→ SOURCE DATA
▼
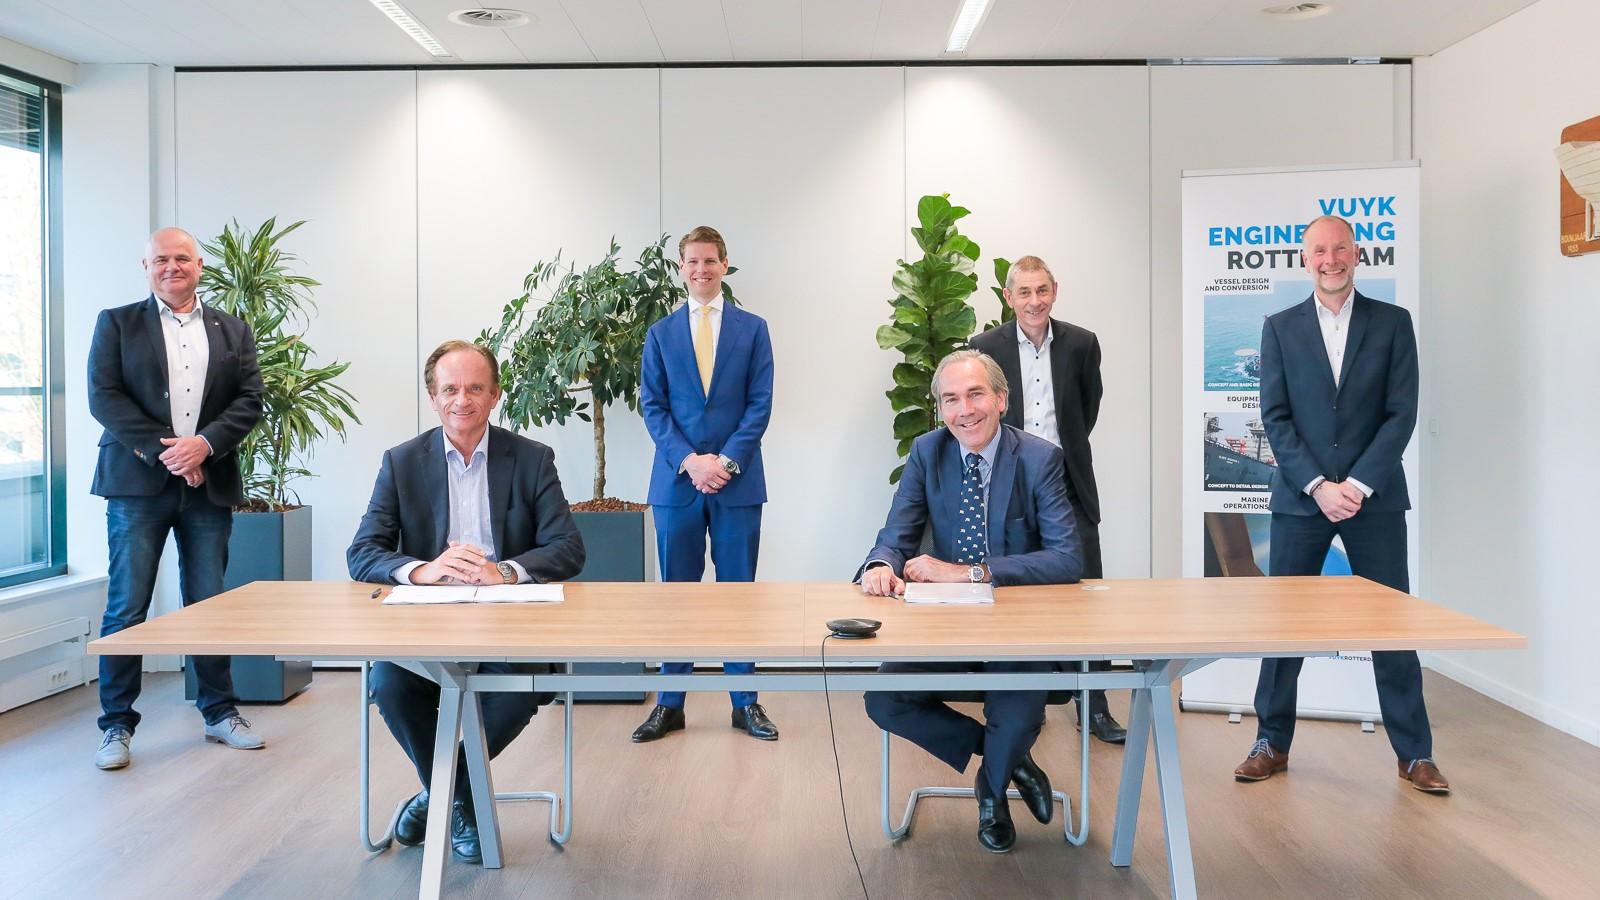 Royal Doeksen takes over Vuyk Engineering Rotterdam from Royal IHC
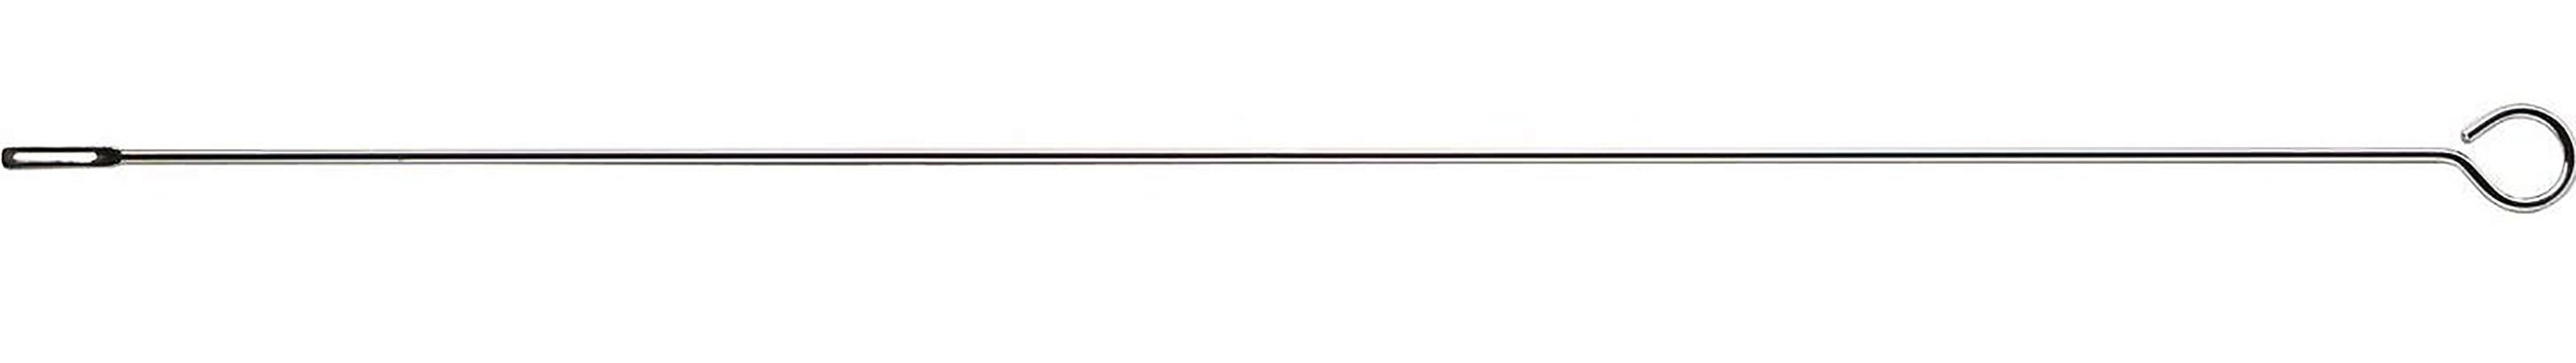 Trombone Cleaning Rod
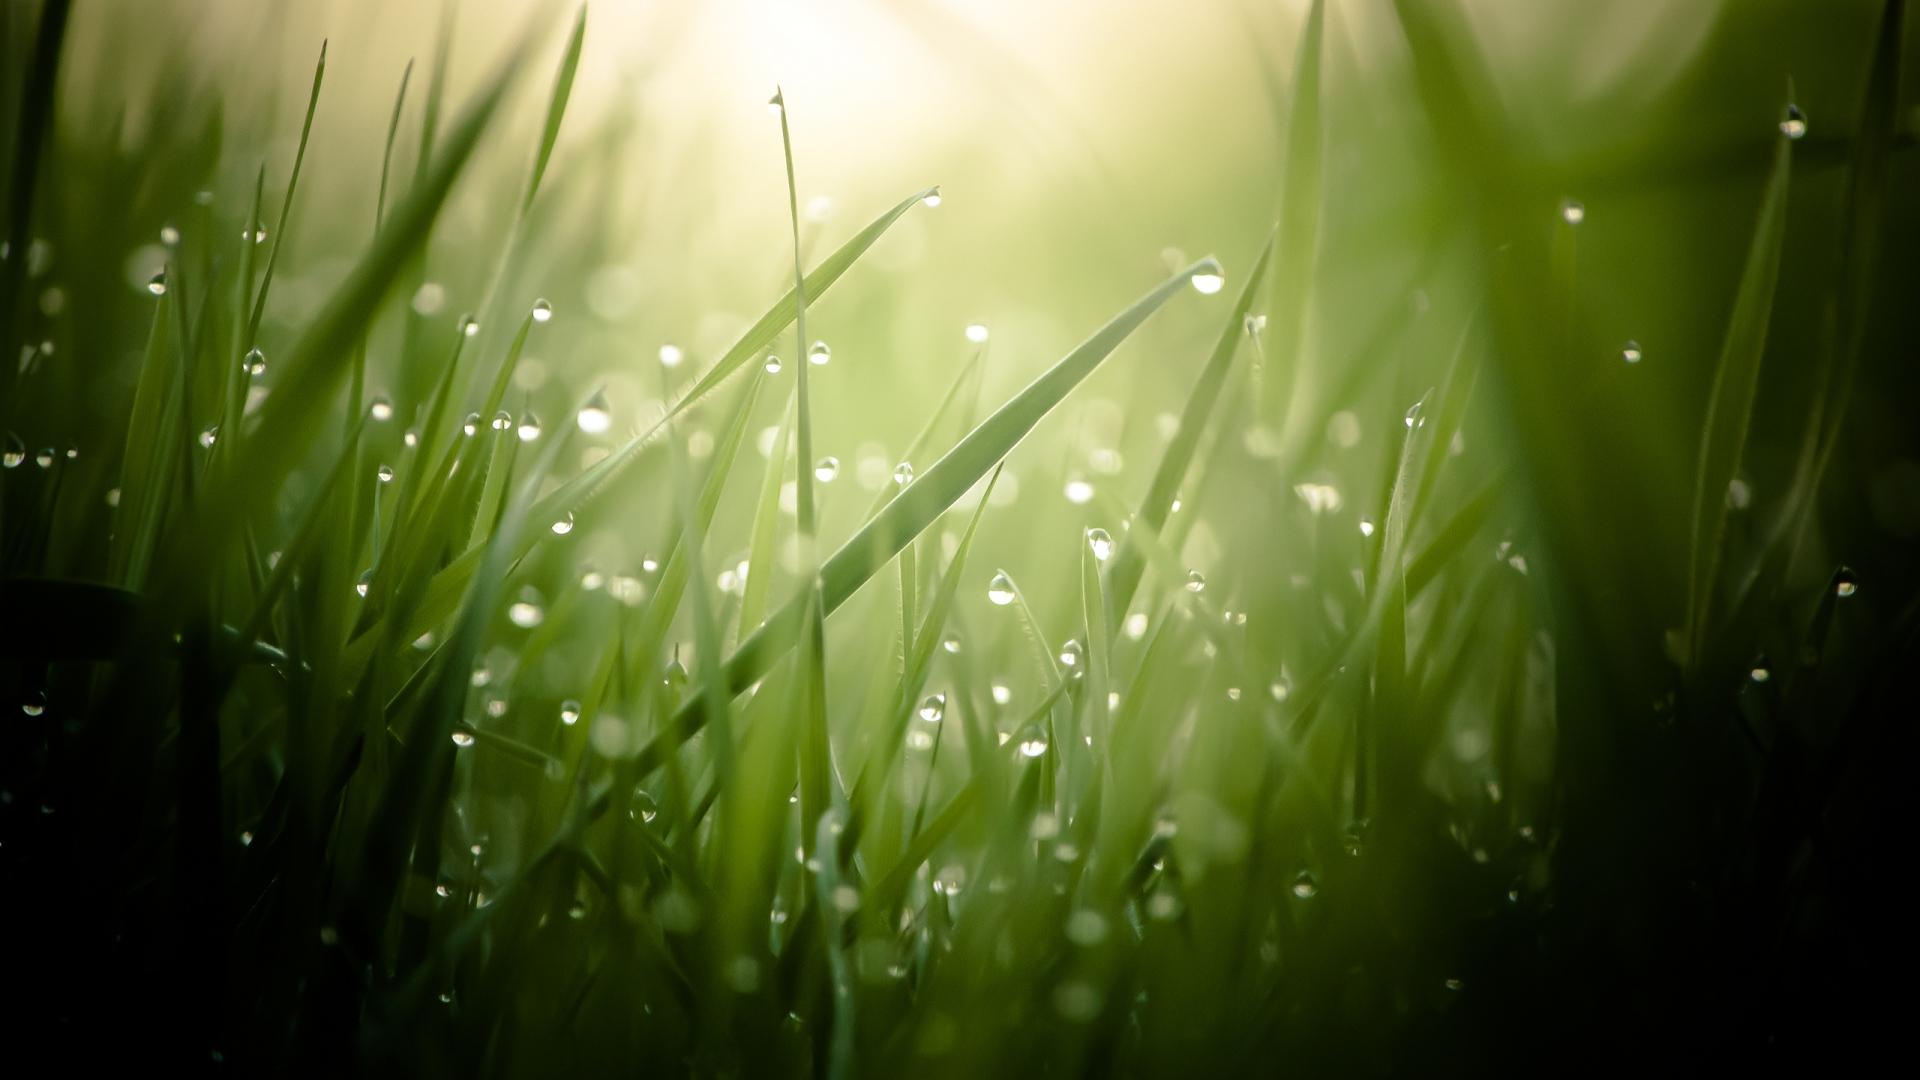 water drops on grass wallpaper
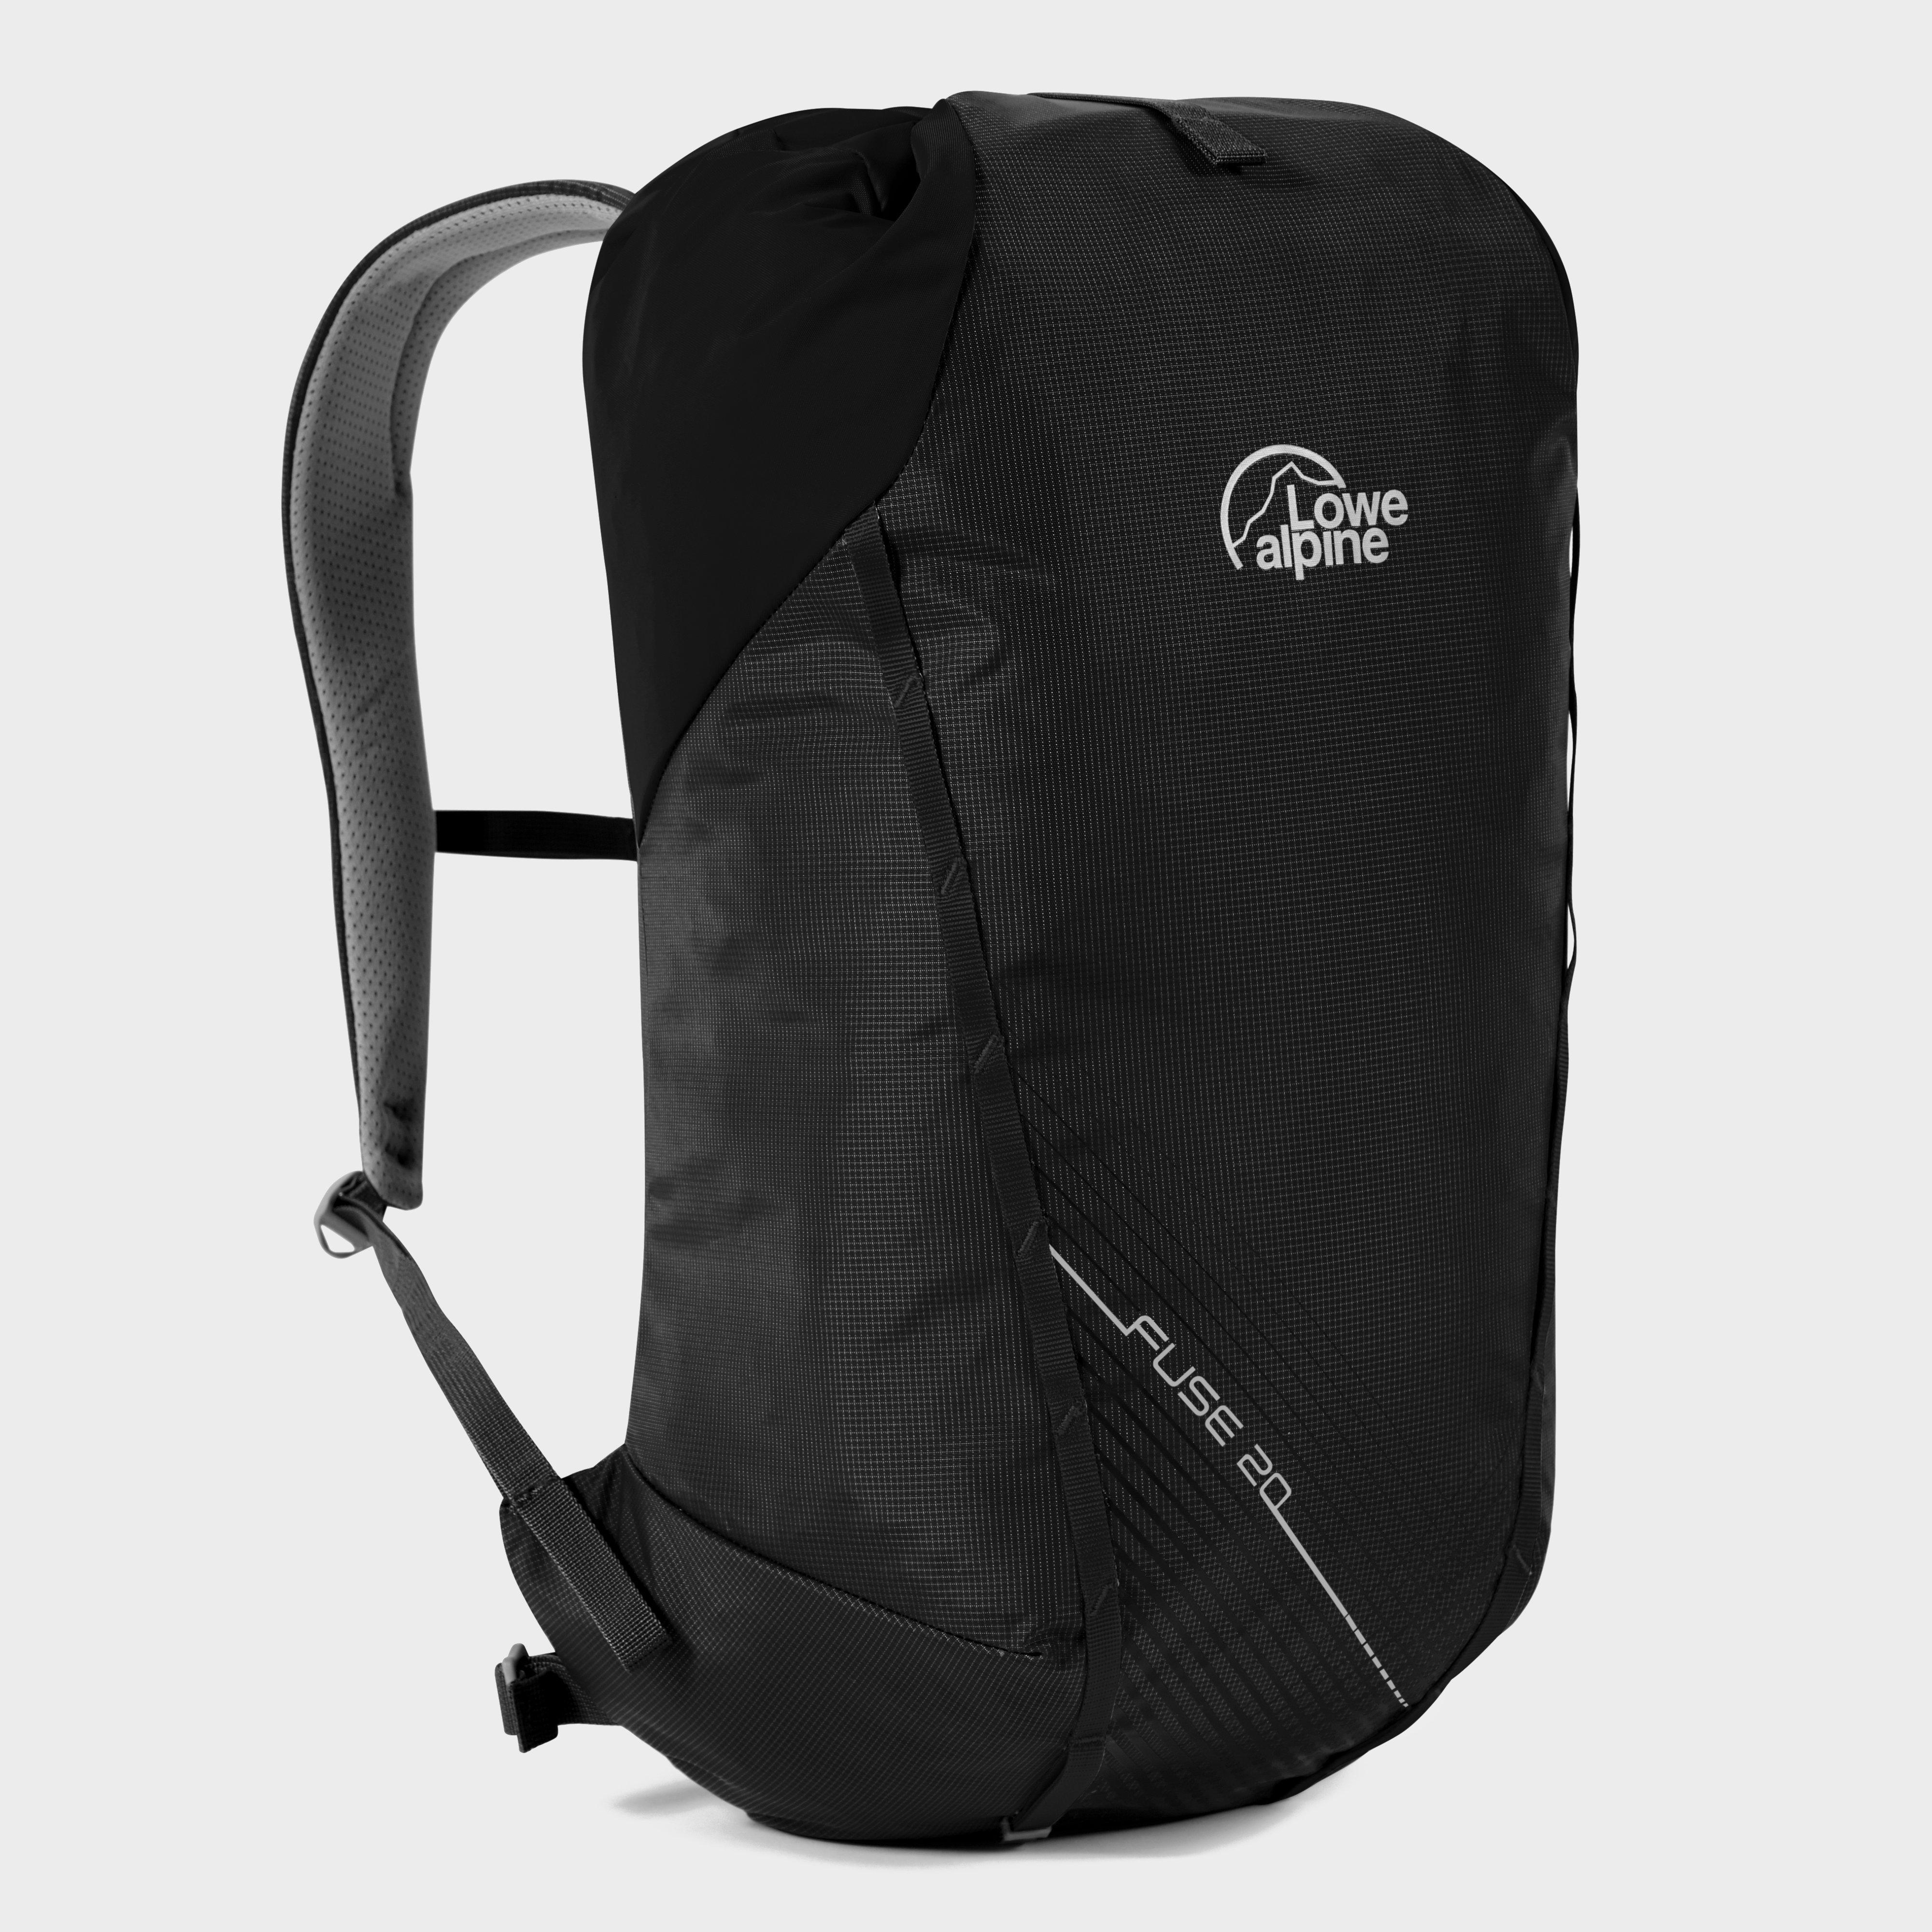 Lowe Alpine Lowe Alpine Fuse 20 Daypack - Black, Black
▲
→ EXERCISE
Set the listing down verbatim, excluding pictures.

→ EXERCISE SOLUTION
 Royal Doeksen takes over Vuyk Engineering Rotterdam from Royal IHC
 Trombone Cleaning Rod
 water drops on grass wallpaper
 Lowe Alpine Lowe Alpine Fuse 20 Daypack - Black, Black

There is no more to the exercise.